Basiliximab is administered intravenously (IV), 20 mg within 2 hours before transplant surgery, followed by a second 20-mg dose 4 days after transplantation. The second dose should be withheld if complications occur (including severe hypersensitivity reactions or loss of the transplanted organ). Children under 35 kg should receive 10 mg IV within 2 hours before transplant surgery, followed by a second 10-mg dose 4 days after transplantation; the second dose should be withheld if complications occur (including severe hypersensitivity reactions or loss of the transplanted organ); children over 35 kg should receive the adult dose.
Side effects of basiliximab include abdominal and back pain, coughing, dizziness, fever or chills, fatigue, weakness, dysuria, dyspnea, sore throat, edema, tremor, nausea and vomiting, and anemia. Serious reactions include sepsis, opportunistic infections, malignancy, lymphoproliferative disorders, thrombocytopenia, leukopenia, diabetes mellitus, anaphylaxis, capillary leak syndrome, and cytokine release syndrome (Box 30.1).
 
BOX 30.1Cytokine Release Syndrome
Cytokine release syndrome is a symptom complex associated with the use of anti-T–cell antibody infusions, such as antithymocyte globulin (rabbit) and muromonab-CD3. Commonly referred to as an infusion reaction, cytokine release syndrome results from the release of cytokines from cells targeted by the antibody. When cytokines are released into the circulation, systemic symptoms such as fever, nausea, chills, hypotension, tachycardia, asthenia, headache, rash, scratchy throat, and dyspnea can result. In most patients, the symptoms are mild to moderate in severity and are managed easily. Premedication with corticosteroids or acetaminophen plus an antihistamine have been reported to be effective in reducing the severity of symptoms caused by cytokine release. Other management measures include reduction of the infusion rate. However, some patients may experience life-threatening reactions, therefore nurses must closely monitor patients receiving anti-T–cell antibody infusions. Patients with asthma, autoimmune disease, history of drug allergies, and previous exposure to the drug are at increased risk of developing cytokine release syndrome. During infusions, nurses must assess the patient frequently, monitoring vital signs and watching for any signs or symptoms of a reaction. Reactions are most likely to occur in the first hour, but a reaction could occur at any time. Any delay in recognition of the signs of anaphylaxis can compromise the patient’s outcome.
From Vogel, W. H. (2010). Infusion reactions: Diagnosis, assessment and management. Clinical Journal of Oncology Nursing, 14(2), E10-E21. Retrieved from chemotherapy.vc.ons.org/file_depot/0-10000000/0-10000/3365/folder/87592/Infusion+Reactions+(Vogel+2010).pdf
Transplant recipients who receive basiliximab should not receive live vaccines because they may produce an inadequate immune response and are at risk for disseminated infection resulting from the live virus. Caution is advised when basiliximab is administered with other drugs that lower the immune response because of the increased risk of serious infection.
Basiliximab was designated pregnancy category B; no adequate and well-controlled studies have been done on the drug’s use in pregnant women, therefore women of childbearing potential should use effective contraceptive measures before beginning treatment, during treatment, and for 4 months after completion of therapy.
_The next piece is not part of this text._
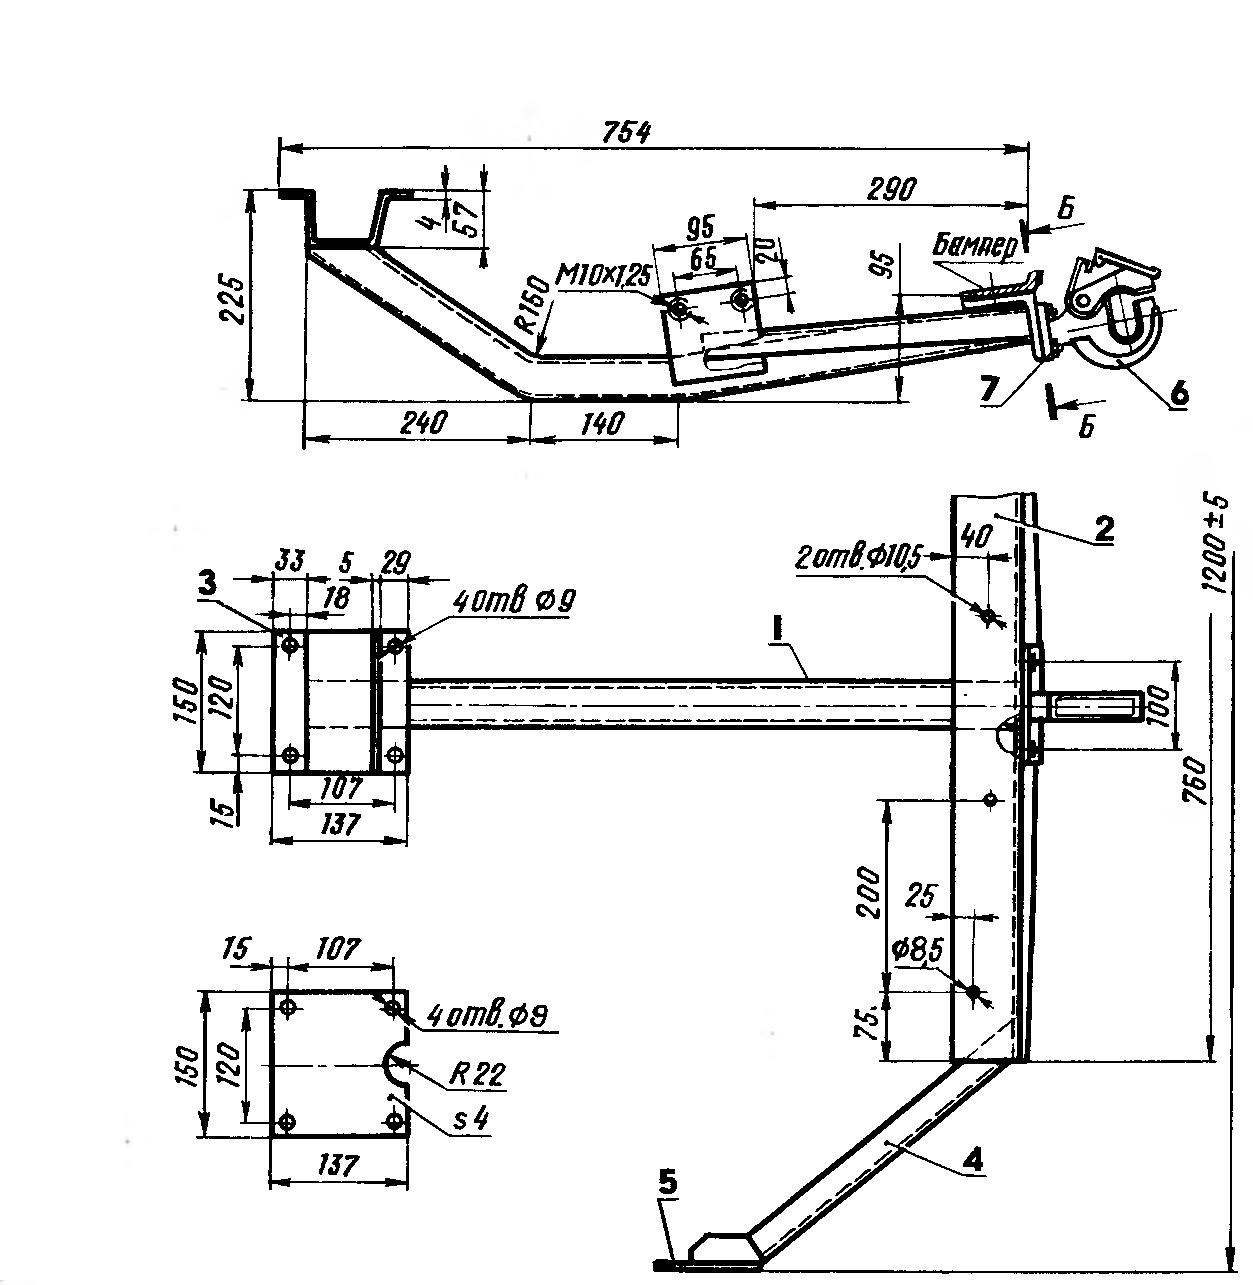  R and p. 2. Towing device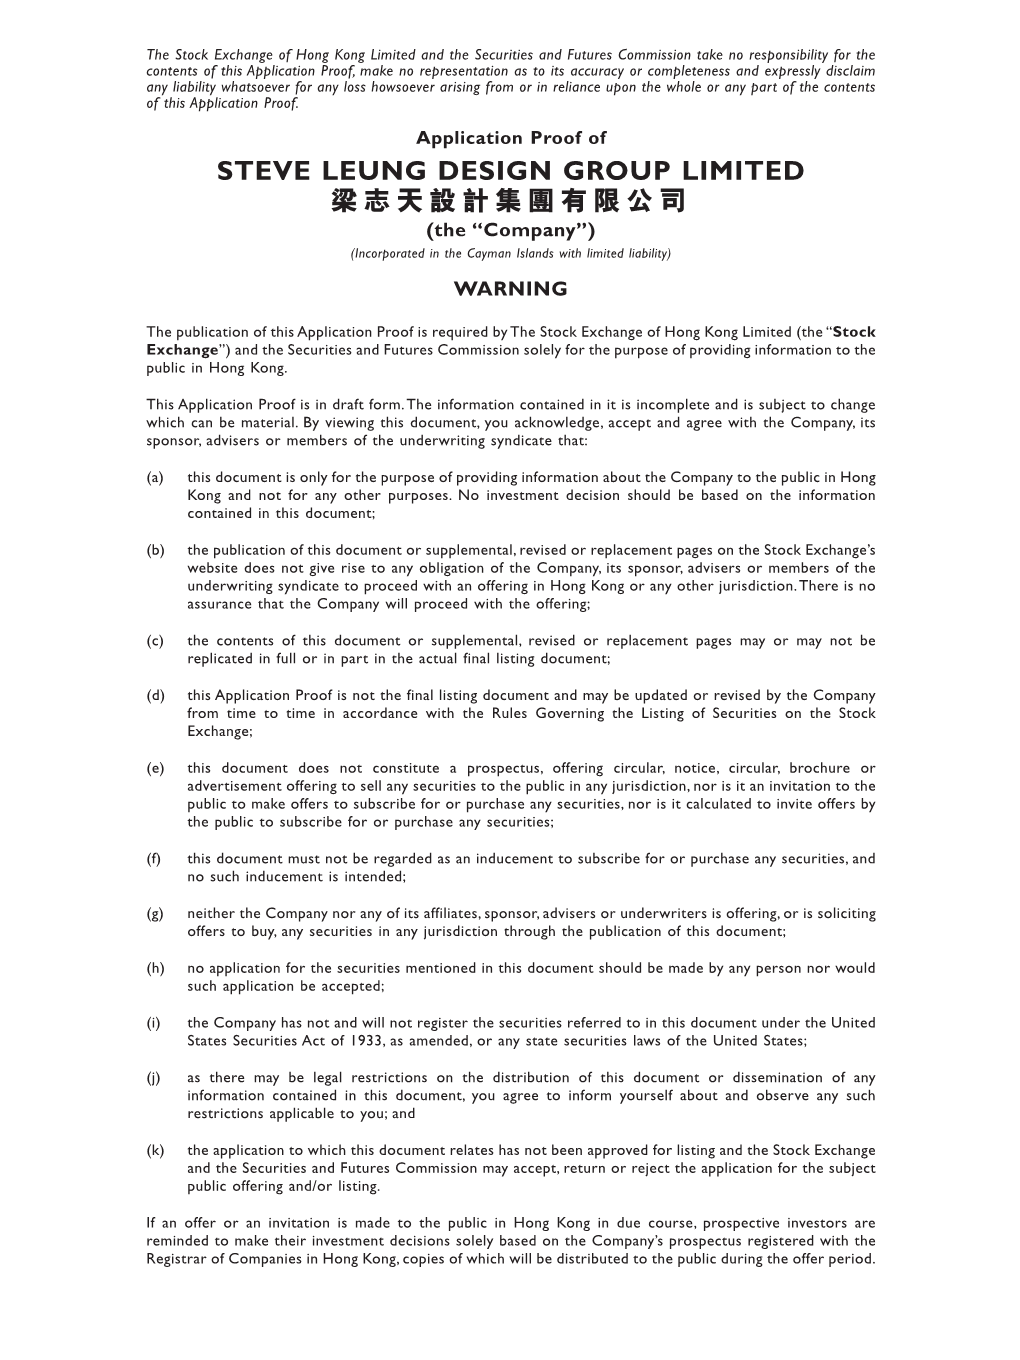 STEVE LEUNG DESIGN GROUP LIMITED 梁志天設計集團有限公司 (The “Company”) (Incorporated in the Cayman Islands with Limited Liability) WARNING

It is not known whether basiliximab is excreted in breast milk. Because of the potential for adverse drug reactions, a decision should be made whether to discontinue nursing or to discontinue the drug, taking into account the importance of the drug to the mother.

Maintenance Therapy

Calcineurin Inhibitors

The calcineurin inhibitors (CNIs) suppress the immune system by binding to cytoplasmic proteins that inhibit calcineurin phosphatase, resulting in a reduction in cytokine synthesis and inhibition of T-lymphocyte proliferation. There are two CNIs, cyclosporine and tacrolimus; the prototype CNI is cyclosporine. The drug became available in 1983 and was modified to improve bioavailability in 1994. icon Cyclosporine oral solution USP modified and cyclosporine oral solution USP are not bioequivalent and cannot be used interchangeably.
After oral administration, absorption of cyclosporine is incomplete and varies widely from patient to patient. Drug distribution is concentration dependent; cyclosporine is 90% protein bound. The drug is extensively metabolized by the cytochrome P450 (CYP450) 3A enzyme system in the liver. Elimination is primarily biliary with only 6% excreted in urine. The average drug half-life is 8.4 hours.
Initial dosing of cyclosporine is 7 to 9 mg/kg orally per day in two divided doses; the first dose is given 4 to 12 hours before the transplant or postoperatively in both adult and pediatric patients. Adjustments to drug dosing are based on therapeutic drug monitoring (TDM), with the desired level between 100 and 500 ng/mL, depending on the organ transplanted and the length of time posttransplant.
The daily dose of cyclosporine oral solution USP modified should always be given in two divided doses and on a consistent schedule with regard to time of day and relation to meals. Grapefruit and grapefruit juice affect drug metabolism, increasing blood concentration of cyclosporine; for this reason, grapefruit should be avoided. To make cyclosporine oral solution USP modified more palatable, it should be diluted with room-temperature orange or apple juice; patients should avoid switching diluents frequently. When mixed with juice, the cyclosporine solution may appear cloudy. Cyclosporine is also available as immediate-release capsules (25 mg and 100 mg) and as an IV solution (250 mg/5 mL).
Common side effects of cyclosporine include elevated blood urea nitrogen (BUN) and creatinine, hypertension, hirsutism, infection, tremor, gingival hyperplasia, headache, hypertriglyceridemia, nausea and vomiting, diarrhea, hyperuricemia, hyperglycemia, arthralgia, edema, acne, hypomagnesemia, and hyperkalemia. Serious reactions include opportunistic infections, nephropathy and nephrotoxicity, diabetes mellitus, leukopenia, thrombocytopenia, hemolytic anemia, malignancy, and seizures.
Transplant recipients taking cyclosporine should not receive live vaccines because they may have inadequate immune response and are at risk for disseminated infection resulting from the live virus.
Multiple antibiotics, melphalan (an antineoplastic drug), antifungals, antiinflammatory drugs, cimetidine and ranitidine (histamine 2–receptor blockers), tacrolimus (an immunosuppressant), fibric acid derivatives, and methotrexate may potentiate kidney dysfunction when administered with cyclosporine. Calcium channel blockers, azole antifungals, macrolide antibiotics, and glucocorticoids can increase cyclosporine concentrations, as can allopurinol, amiodarone, bromocriptine, colchicine, danazol, imatinib, metoclopramide, nefazodone, and oral contraceptives. Other drugs—nafcillin, rifampin, anticonvulsants, bosentan, octreotide, orlistat, sulfinpyrazone, terbinafine, ticlopidine—and St. John’s wort can decrease cyclosporine concentrations.
Concomitant administration of cyclosporine with 3-hydroxy-3-methylglutaryl-coenzyme A (HMG-CoA) reductase inhibitors (e.g., lovastatin, simvastatin, pravastatin, fluvastatin, and atorvastatin) may increase the risk for rhabdomyolysis. The dosage of HMG-CoA reductase inhibitors should be reduced.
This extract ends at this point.